BEGIN Given records
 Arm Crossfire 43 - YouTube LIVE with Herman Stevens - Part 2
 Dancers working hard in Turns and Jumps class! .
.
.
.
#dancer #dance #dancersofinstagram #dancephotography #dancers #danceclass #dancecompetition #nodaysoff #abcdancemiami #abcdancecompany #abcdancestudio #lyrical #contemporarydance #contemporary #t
END Given records
BEGIN Given records
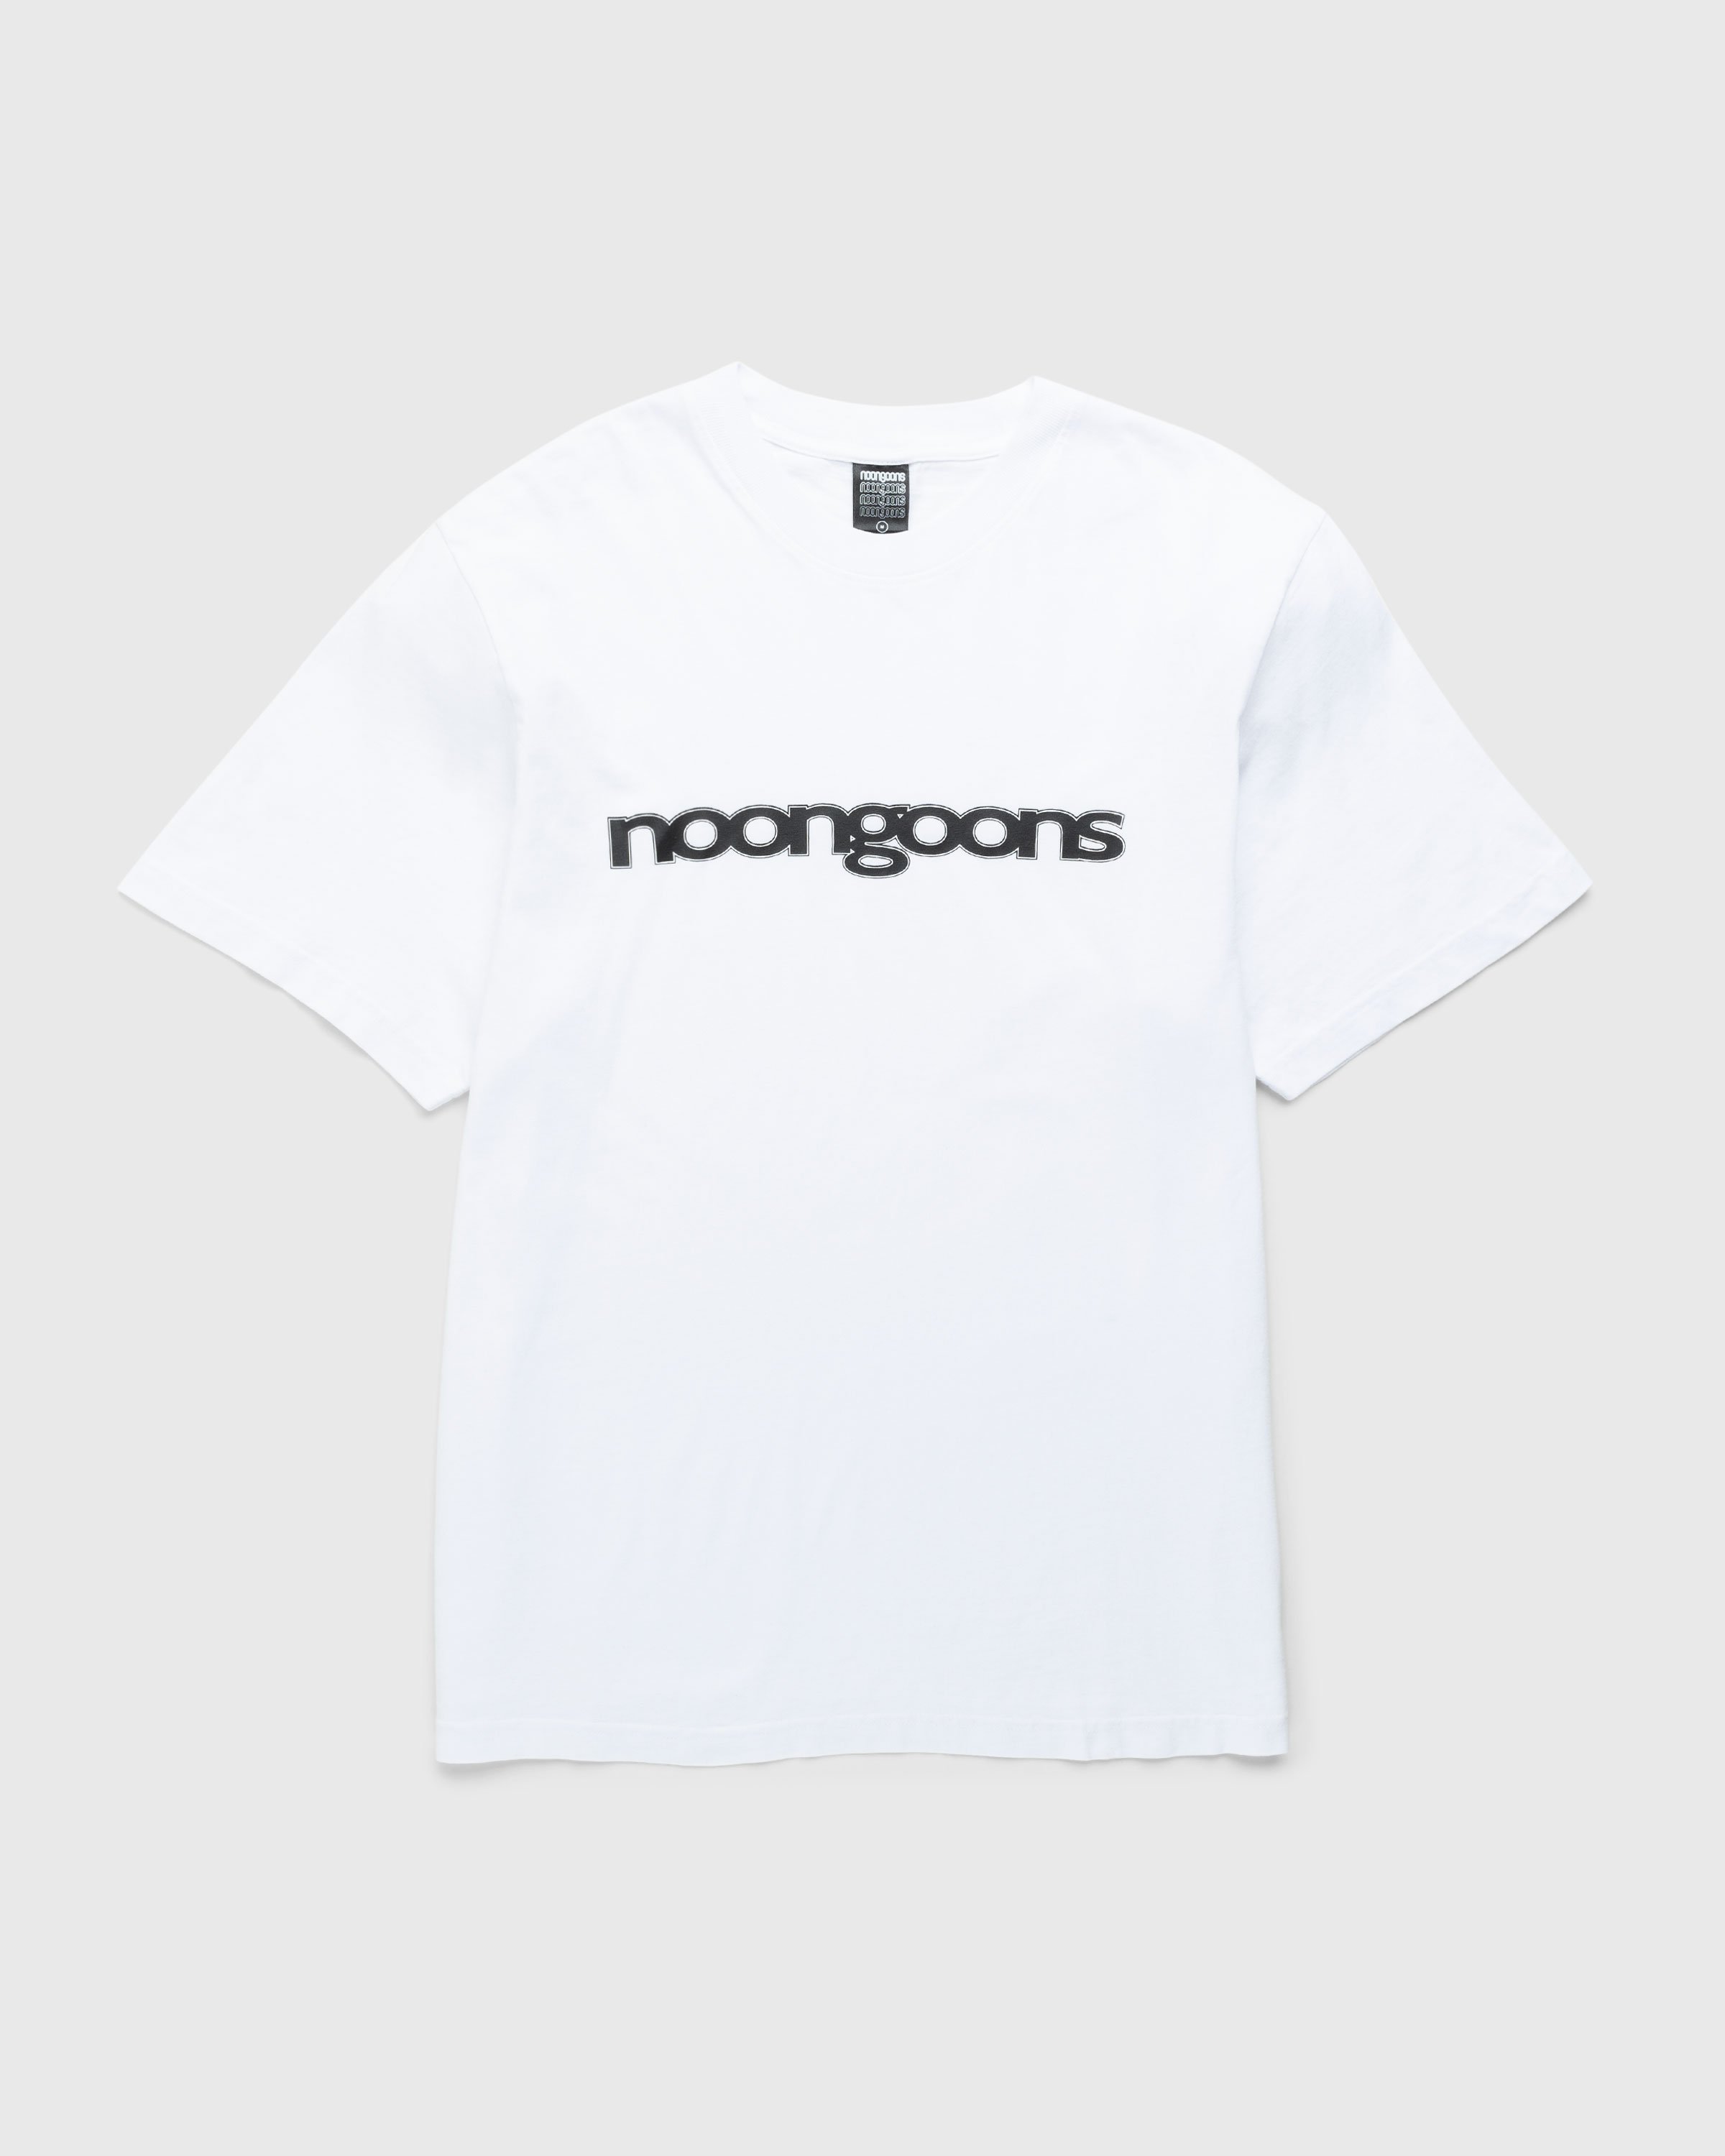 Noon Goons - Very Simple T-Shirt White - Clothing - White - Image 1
END Given records
Could you return exactly the lines above from the line with "Arm Crossfire 43" to the line with "#dancer #dance #dancersofinstagram", both included, and nothing else?

 Arm Crossfire 43 - YouTube LIVE with Herman Stevens - Part 2
 Dancers working hard in Turns and Jumps class! .
.
.
.
#dancer #dance #dancersofinstagram #dancephotography #dancers #danceclass #dancecompetition #nodaysoff #abcdancemiami #abcdancecompany #abcdancestudio #lyrical #contemporarydance #contemporary #t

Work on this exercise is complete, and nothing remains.